Darum vertraut man sich ihm an, wenn im siebten Bild Jakob Lenz in einer wie angeträumten fiktiven Romantik den Abend im Gebirge erlebt: „Wie milde und süß des Abends Kühle herniedersinkt“, singt er im Dreivierteltakt. Man hört es ohne schlechtes Gewissen der Moderne und ohne den doppelten Boden eines Zitats, folgt Lenz in die Entspannung und wird so mit ihm erst recht Opfer der Stimmen, ob aus der Natur, ob im Hirn, die ihn an die unerreichbare Geliebte erinnern, bis die drei Celli ihn martern, seine treuen, unerbittlichen Begleiter. Im nächsten Bild kein Hauch mehr von Sehnsucht im Klang des Ensembles, nur abstrakt gespanntes Vermessen des Verlusts zu Büchners wunderschönem Satz „Wenn sie so durchs Zimmer ging, war jeder Schritt für mich Musik.“

Lenz selbst, der Hilflose, Einsame, bewirkt die Metamorphosen und Wechsel der Klangsprachen. So wird er jenseits des Textes zum Beweger. „Musik denkt sich, einmal begonnen, gedacht zu werden, in einem fort. Dass dieser Idealzustand von Musikerfindung auch nach außen dringt, ohne Formgeplänkel und Vorzeigeverlauf, das wurde bisher in der historischen Musik, wie ich glaube, nur einige Male von Komponisten auch wirklich gewünscht, versucht und auch erreicht“. Für diesen von Rihm beschriebenen Idealzustand scheint sich eine Oper schlecht zu eignen, die bei aller dramaturgischen Offenheit doch einen „Vorzeigeverlauf“ hat. Aber auch der kommt hier aus dem Inneren.

Ist das so unpolitisch, wie damals dem Kritiker Gerhard R. Koch eine ganze „Schule jüngerer deutscher Komponisten“ erschien, mit Rihm an der Spitze? „Von Musik im auch politischen Zusammenhang wollen sie nichts mehr wissen.“ Rihm gelang es aber – und vielleicht gelang es, weil es nicht sein erklärtes Ziel war –, Empathie mit einer extrem komplexen Gestalt zu wecken, mit einem, der eigentlich zu anders, zu kompliziert, auch zu elend ist, als dass man sich mit ihm identifizieren wollte. Bei Büchner fasziniert und beängstigt Lenz, bei Rihm kommt er einem nah auch deswegen, weil er identisch scheint mit den musikalischen Mitteln, und weil diese Mittel immer wieder Vertrautes in uns wachrufen, ohne dass wir es uns damit bequem machen können.

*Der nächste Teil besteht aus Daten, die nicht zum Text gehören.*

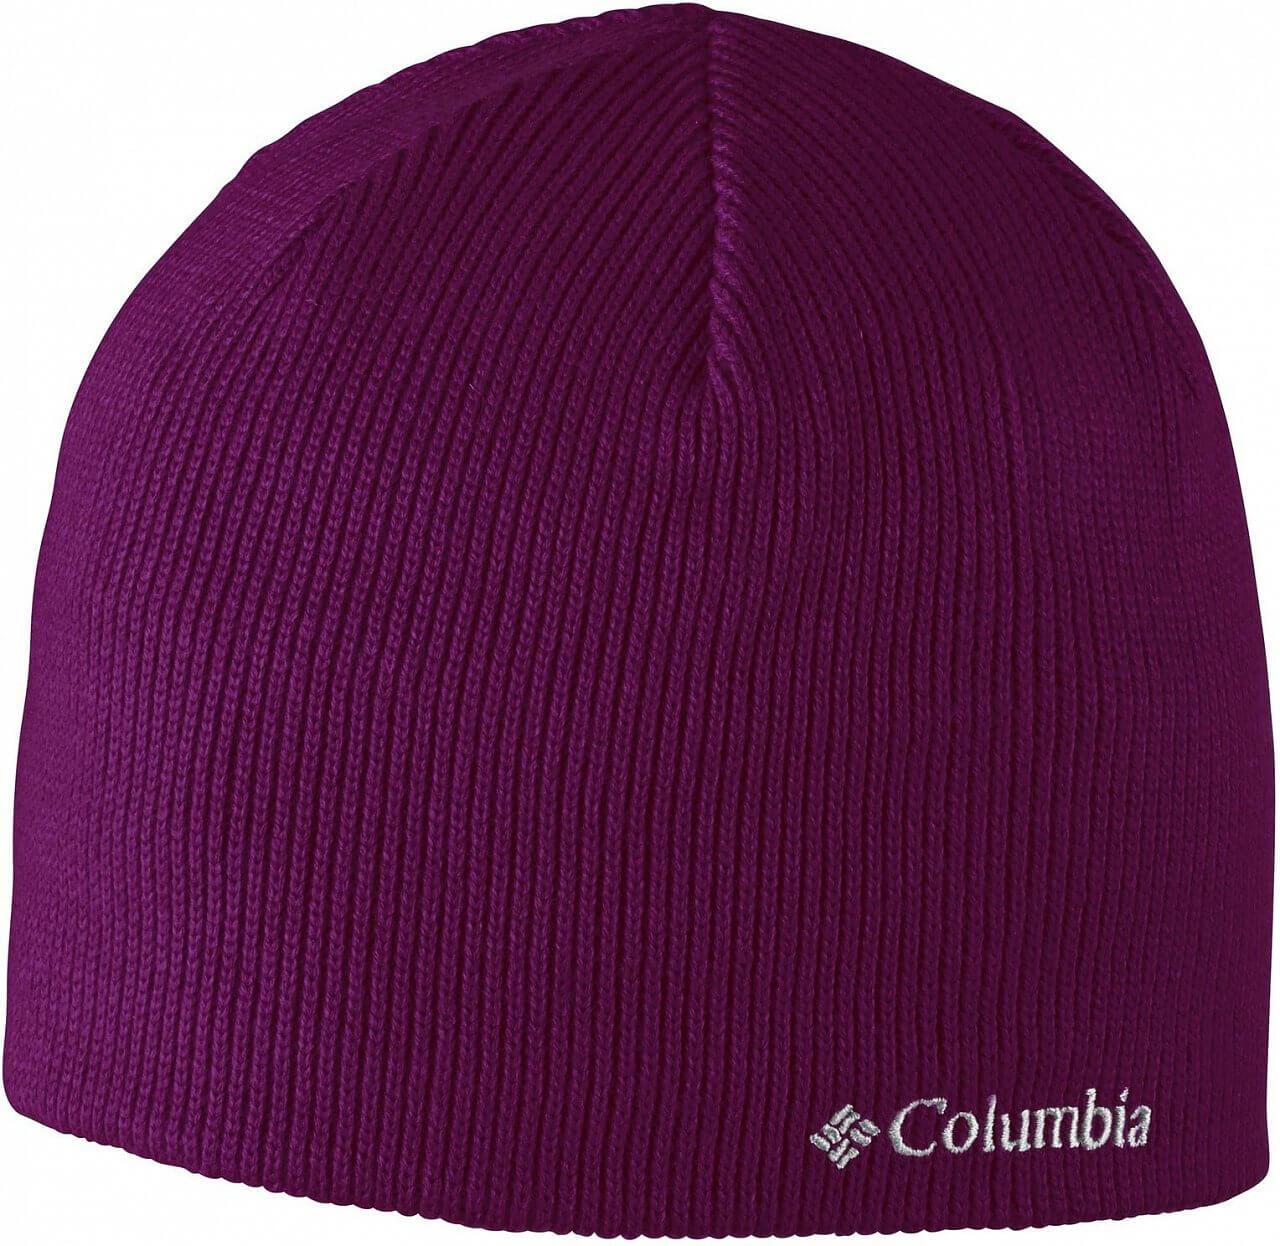 Unisex čepice Columbia Bugaboo Beanie
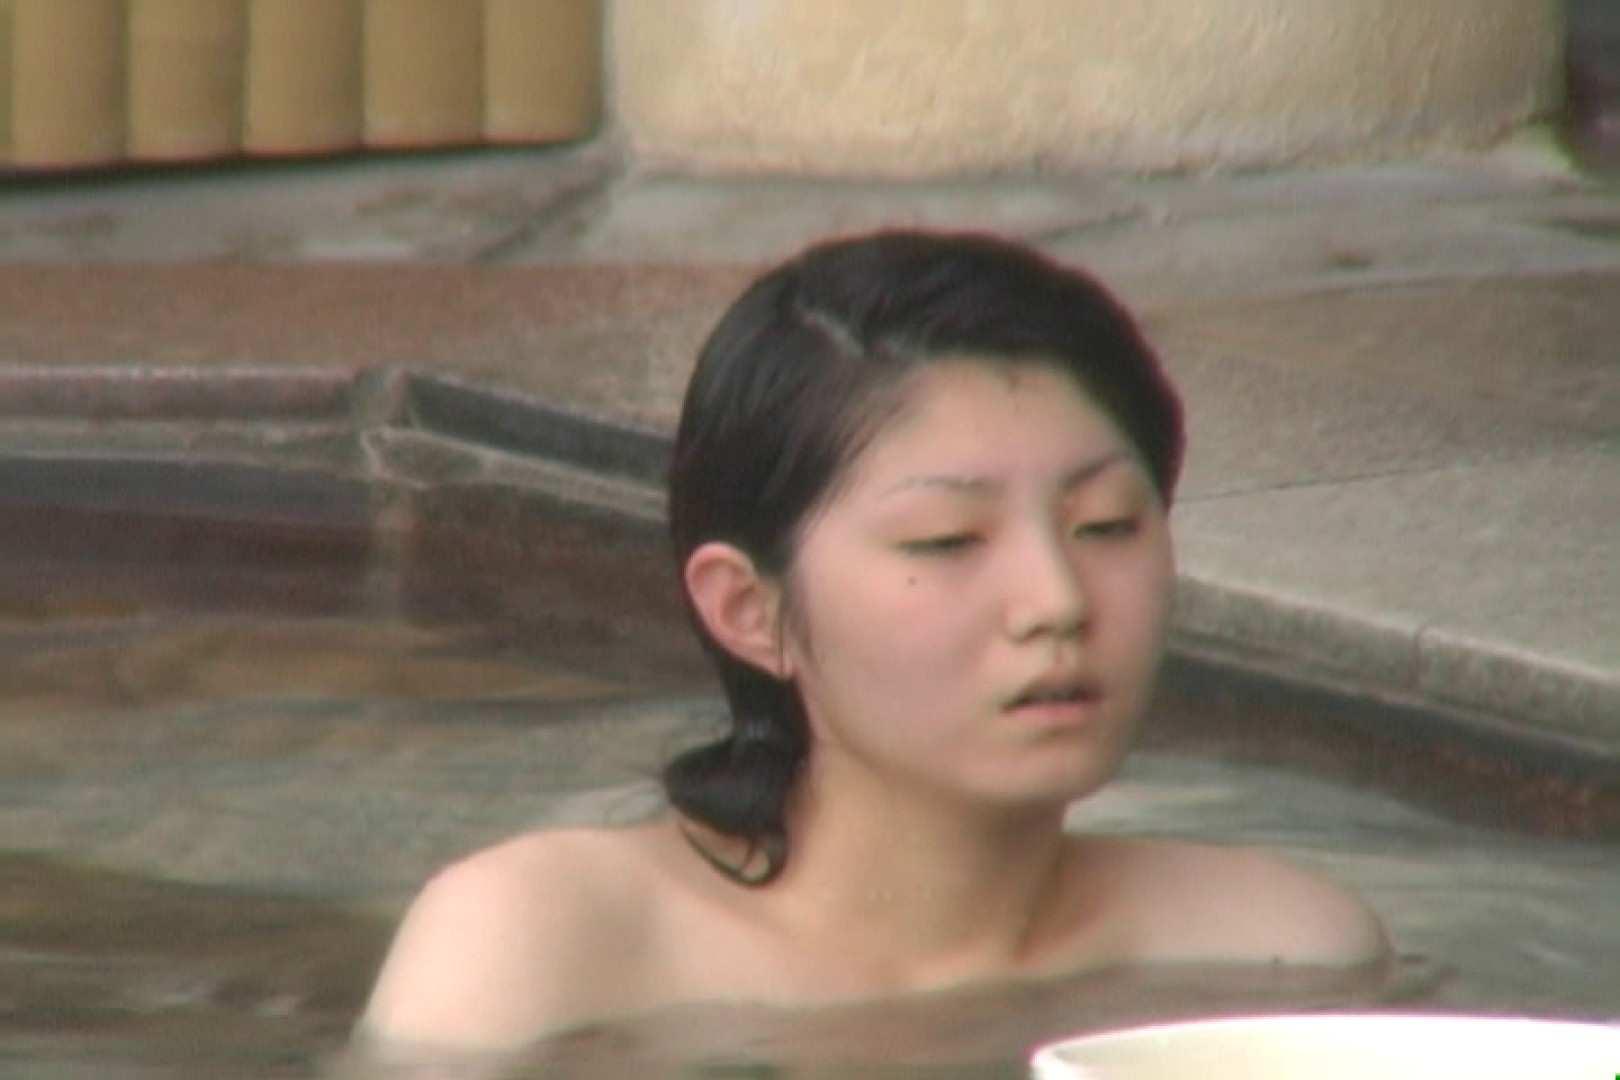 Aquaな露天風呂Vol.579 綺麗なOLたち  68枚 51

Die Kritiker der Uraufführung respektierten Rihms Abwendung „von der technologischen Orientierung der Nachkriegs-Avantgarde“, wie Hans-Klaus Jungheinrich schrieb. „Unverhohlen expressiv“ artikuliere sich der Komponist, „quasi distanzlos überlässt sich der Musikstrom der psychographischen Identifikation mit dem Helden.“ Den sah Jungheinrich als Zeitgenossen: „Lenz ist, auch und gerade heute, überall. Es gibt ihn hunderttausendfach in den Praxen der Psychotherapeuten.“ 1995 war er für die „taz“ noch näher gerückt: „In einer Zeit, in der mancher wieder „verrückt“ werden oder aussteigen mag, in dieser Zeit steht die Kammeroper an neun Bühnen auf dem Spielplan.“

Heute erscheint es politischer denn je, einen anderen, einen Menschen, ein Individuum nicht zu beschreiben und zu vermessen, sondern ihm zu sich zu folgen. Dieser Jakob Lenz geht uns etwas an. „Untersuchen Sie sich!“ befahl der reale Reinhold Michael Jakob Lenz 1774 seinen Lesern. „Wenn Sie aus dem Schauspielhause fortgehen, was ist das Residuum davon in Ihrer Brust? Dampf, der verraucht, sobald er an die Luft kommt. Sie merkten dem Dichter das Kunststück ab, Sie sahen ihm auf die Finger, es ist doch nur eine Komödie, sagen Sie und wer war die in der zweiten Loge?“ Der Jakob Lenz wäre ihm vielleicht fern gewesen. Die Wirkung dieser Oper sicher nicht.

Dieser Text erschien im Programmbuch der Oper Stuttgart zur Neuproduktion von “Jakob Lenz” in der Inszenierung von Andrea Breth, Premiere am 25. Oktober 2015, und ist urheberrechtlich geschützt.